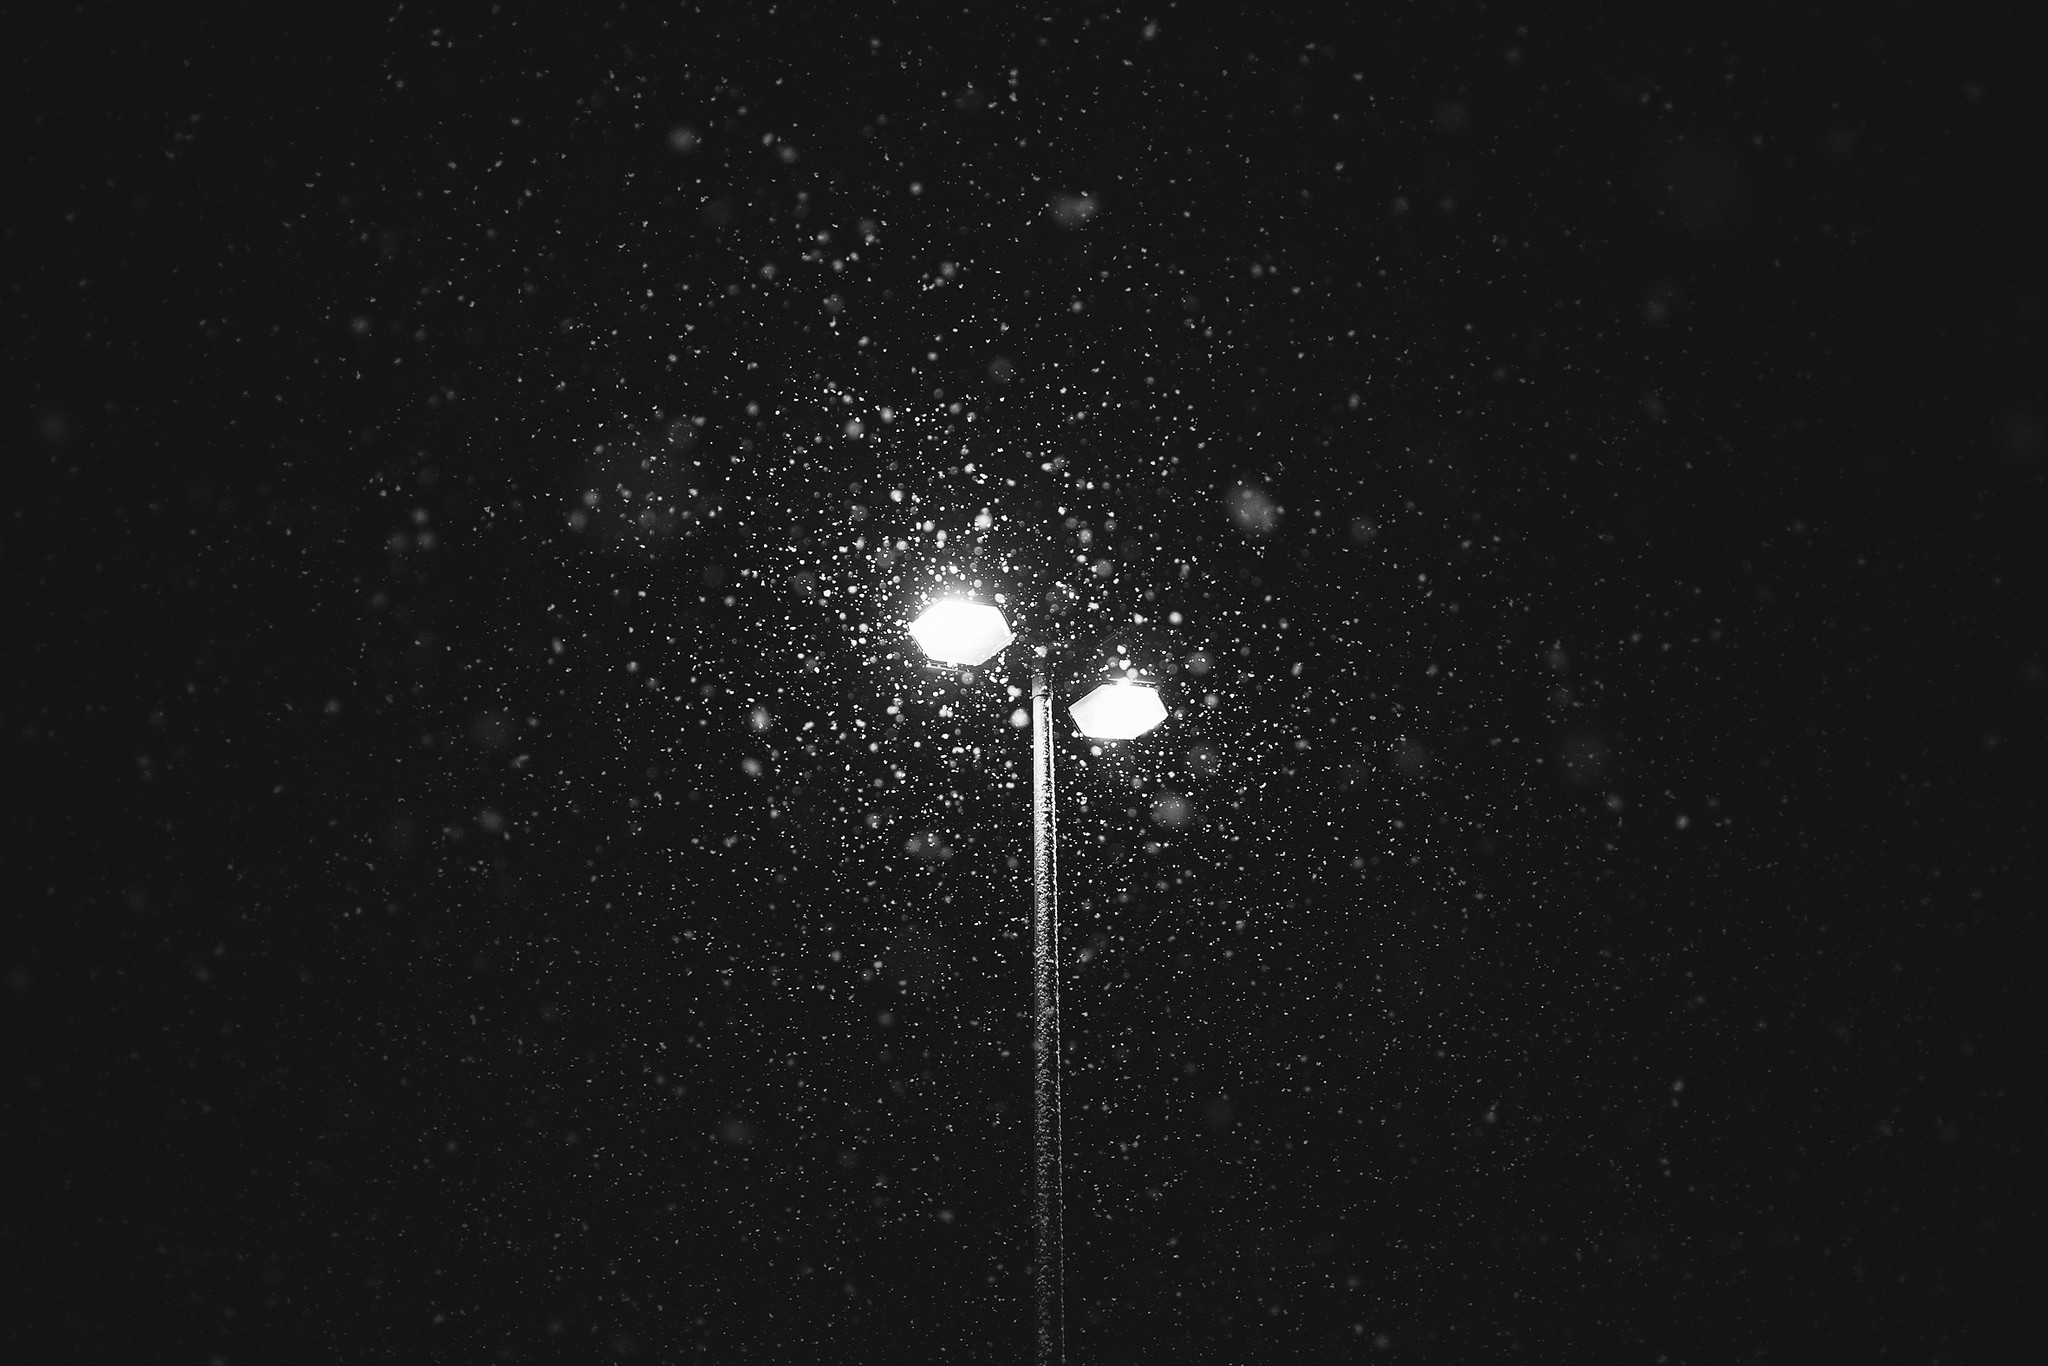 灯,黑色和白色,晚上,雪,冬季壁纸1920x1080分辨率查看
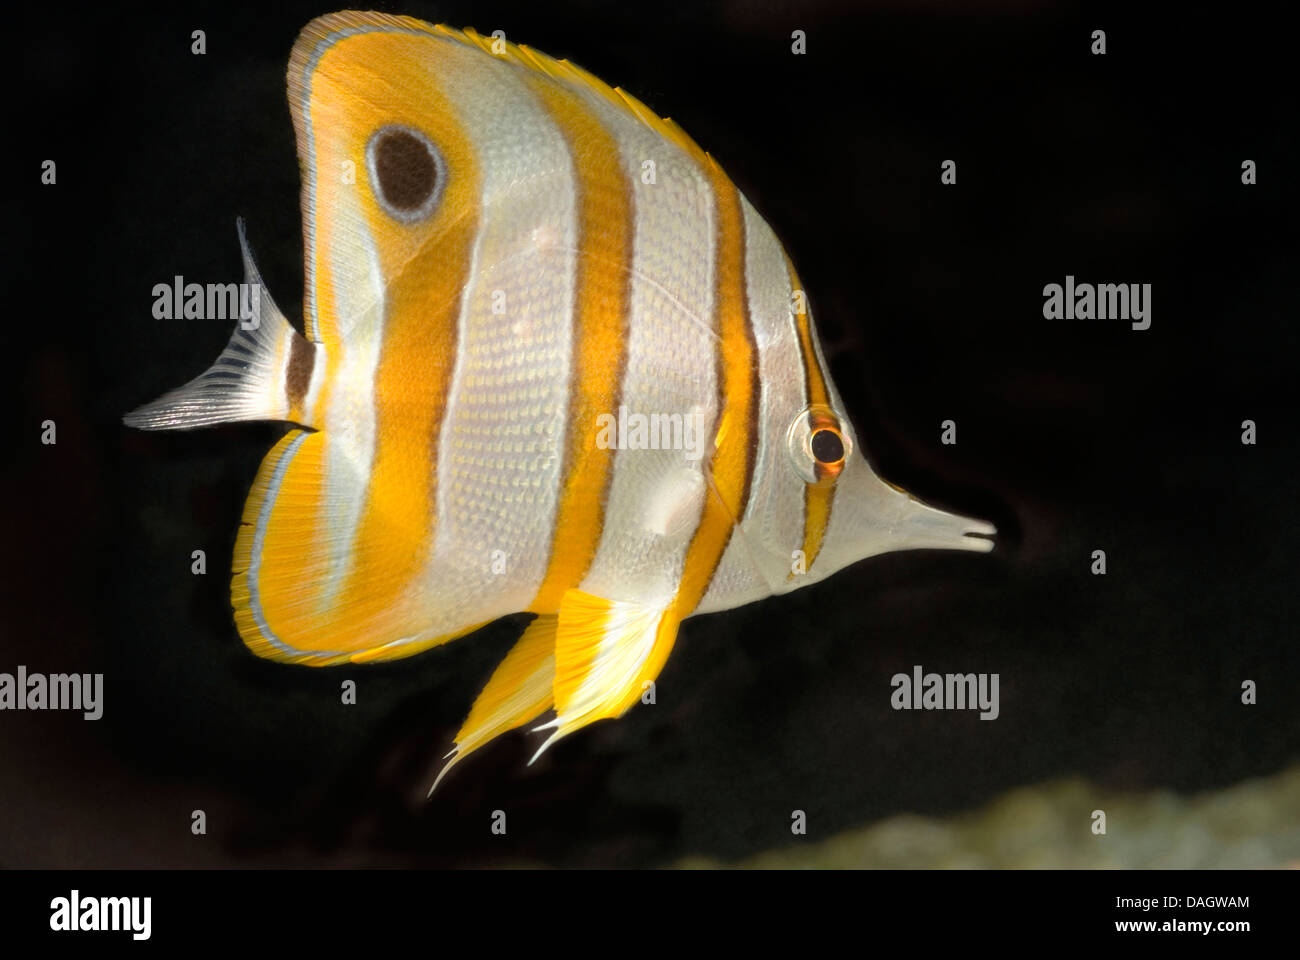 Les bandes de cuivre chelmon à bec médiocre, médiocre, médiocre, long bec beaked coralfish Chelmon Rostratus) (piscine, Banque D'Images
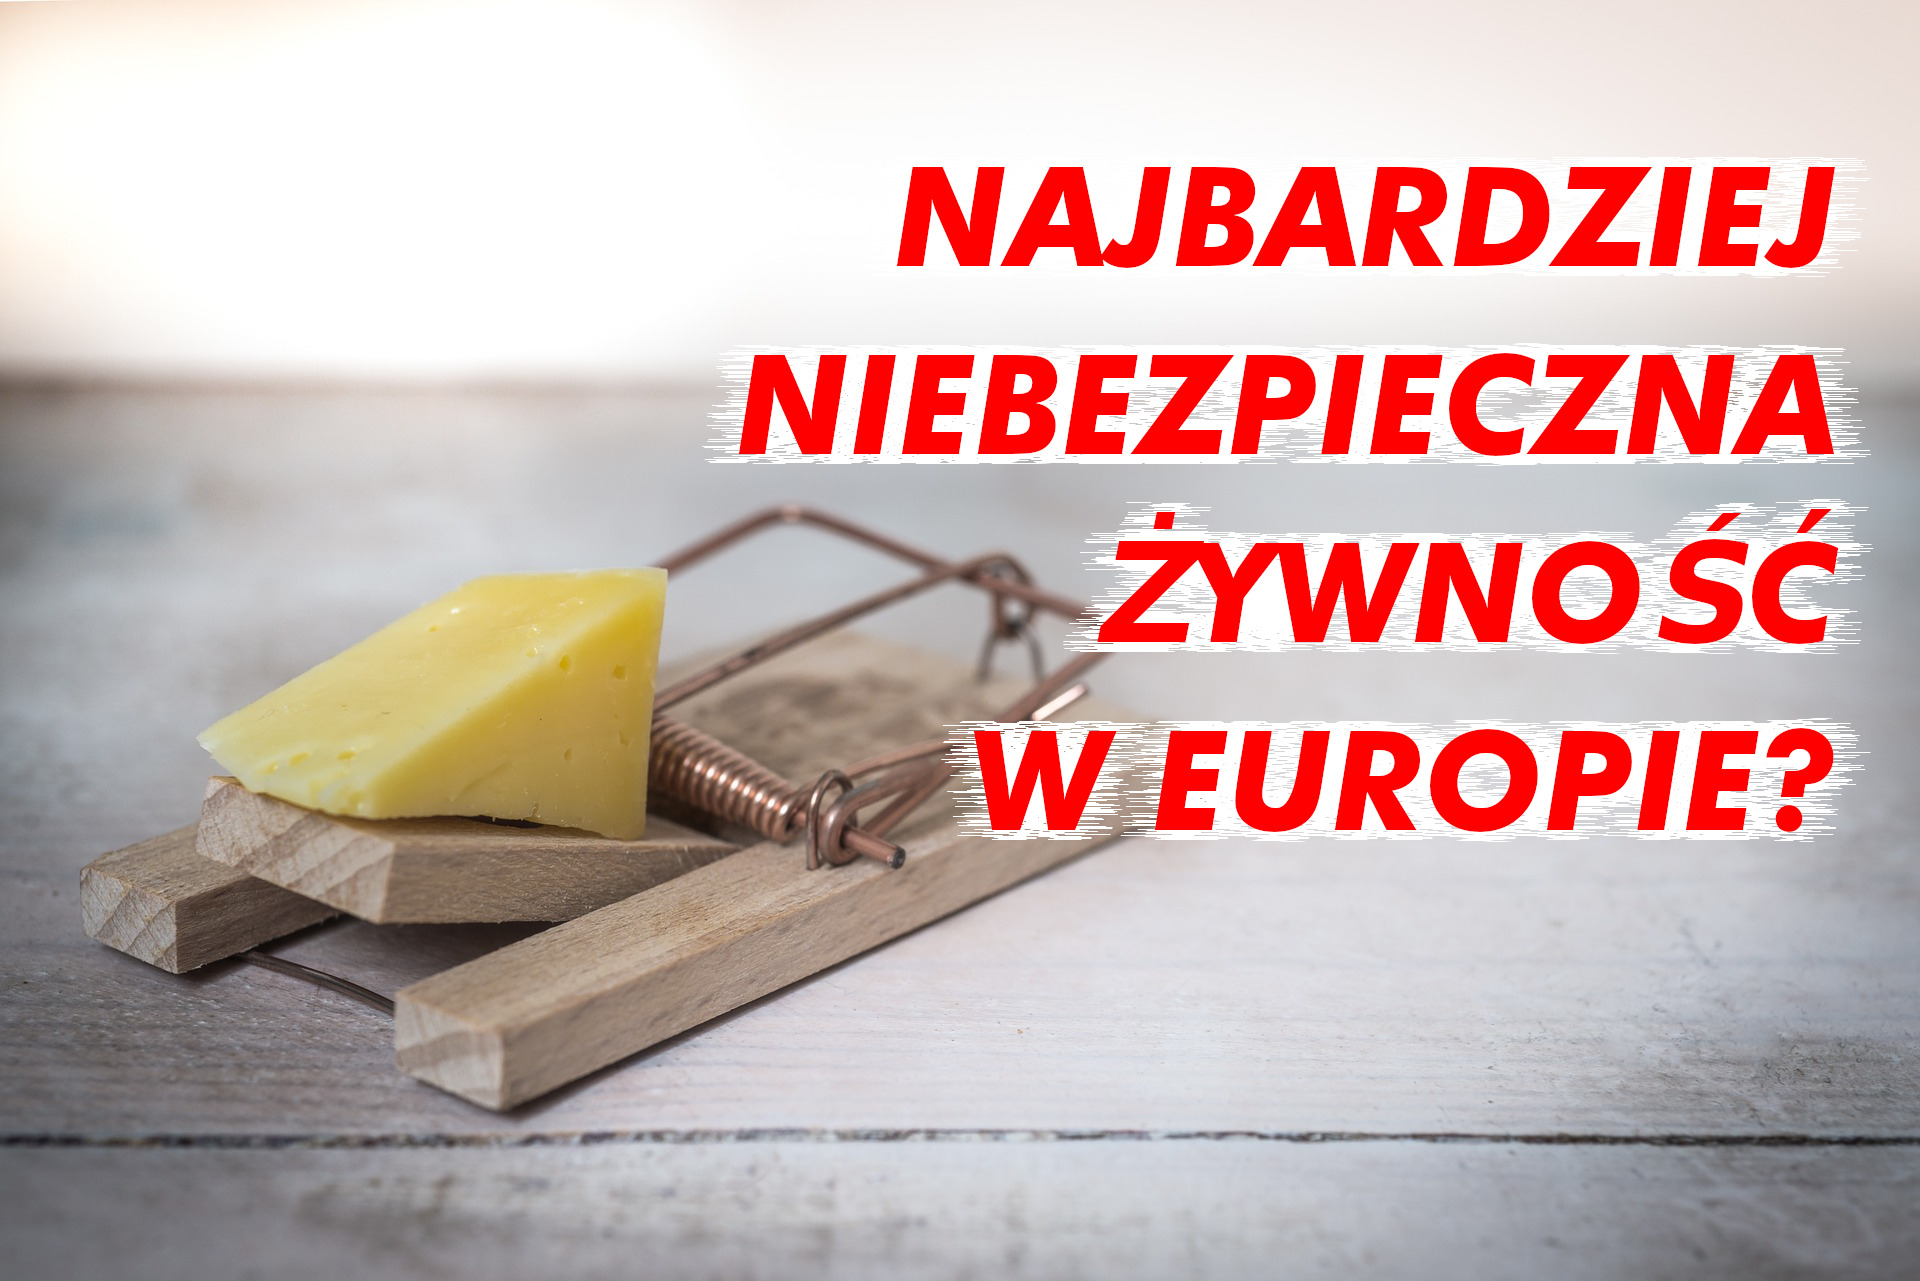 Problem zanieczyszczonej i niebezpiecznej polskiej żywności - NIK wydaje alarmujące ostrzeżenie.

Exercise brief
Output all lines above precisely. Pictures are to be left out.

Reply to the exercise
 灯,黑色和白色,晚上,雪,冬季壁纸1920x1080分辨率查看
 Les bandes de cuivre chelmon à bec médiocre, médiocre, médiocre, long bec beaked coralfish Chelmon Rostratus) (piscine, Banque D'Images
 Problem zanieczyszczonej i niebezpiecznej polskiej żywności - NIK wydaje alarmujące ostrzeżenie.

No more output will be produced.